# Linear vs Binary Search

Linear search is faster than binary search for integer arrays with less than 150 elements.

In an algorithms class, you learn that merge sort has running time O(N*logN) while insertion sort has running time O(N²). This implies that in the limit, as the size of the list you’re sorting gets arbitrarily large, merge sort will be faster than insertion sort. (And furthermore, it will win out by an arbitrarily large amount if the list gets large enough.)

But it doesn’t say anything about which algorithm is faster for small lists. In fact, insertion sort is faster than merge sort for small lists in practice. As a result, serious sorting algorithms like Timsort use an asymptotically-fast sort like merge sort for large lists, but fall back to insertion sort for lists with fewer than 64 elements or so.

What about searching a sorted list? Binary search is O(logN) while linear search is O(N). But linear search is faster for smaller lists because it has less overhead and causes fewer branch mispredictions. So how large does your list have to be for linear search to be faster?

The last time I searched for this, I came up fairly empty handed, so I benchmarked it myself. But apparently I was bad at searching, so here is a blog post very similar to this one that comes to a similar conclusion. Alternatively, if you want to see a benchmark of very fast vectorized binary searching, look here.

To benchmark this, I wrote totally naive Rust code for linear search, and compared it to Rust’s builtin binary_search method. Source code is below.

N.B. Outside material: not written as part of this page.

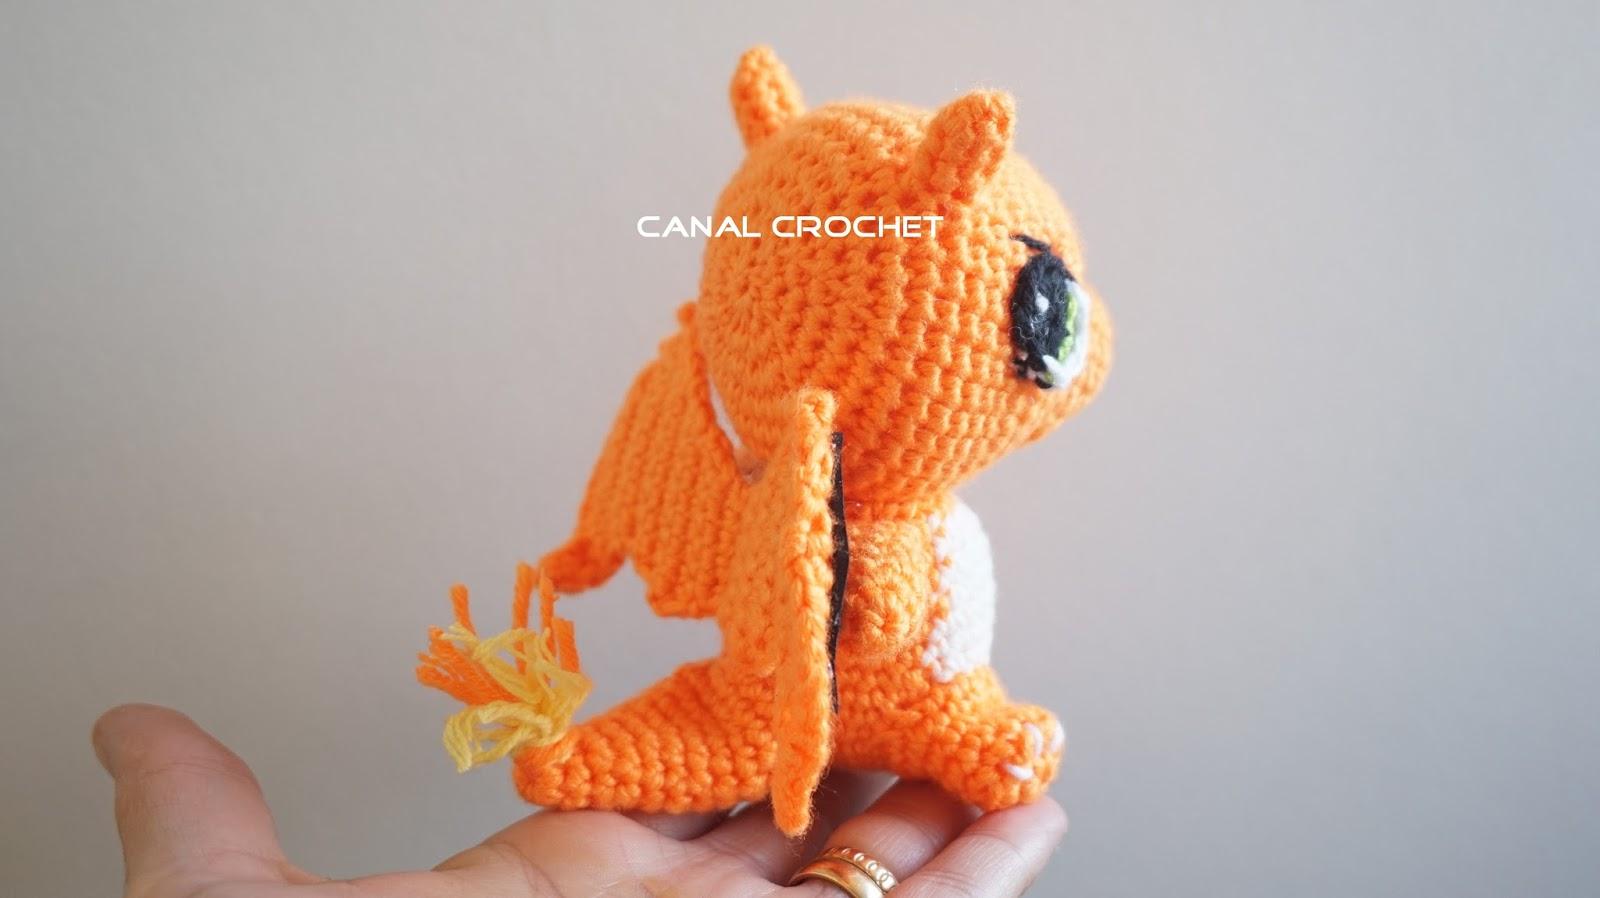 Amigurumi Pokemon Espanol : CANAL CROCHET: Charmander pokemon amigurumi

I found linear search to outperform binary search on arrays of integers with fewer than about 150 elements. Here’s a graph. Runtime is measured as the average wall clock time in ns taken to search through an array of the given size. Each run is performed a thousand times over a million arrays and averaged to smooth out meaningless variation, though it’s still fairly bumpy.

You can see that the theory is born out quite well: linear search’s graph looks quite linear and binary search’s graph looks quite logarithmic.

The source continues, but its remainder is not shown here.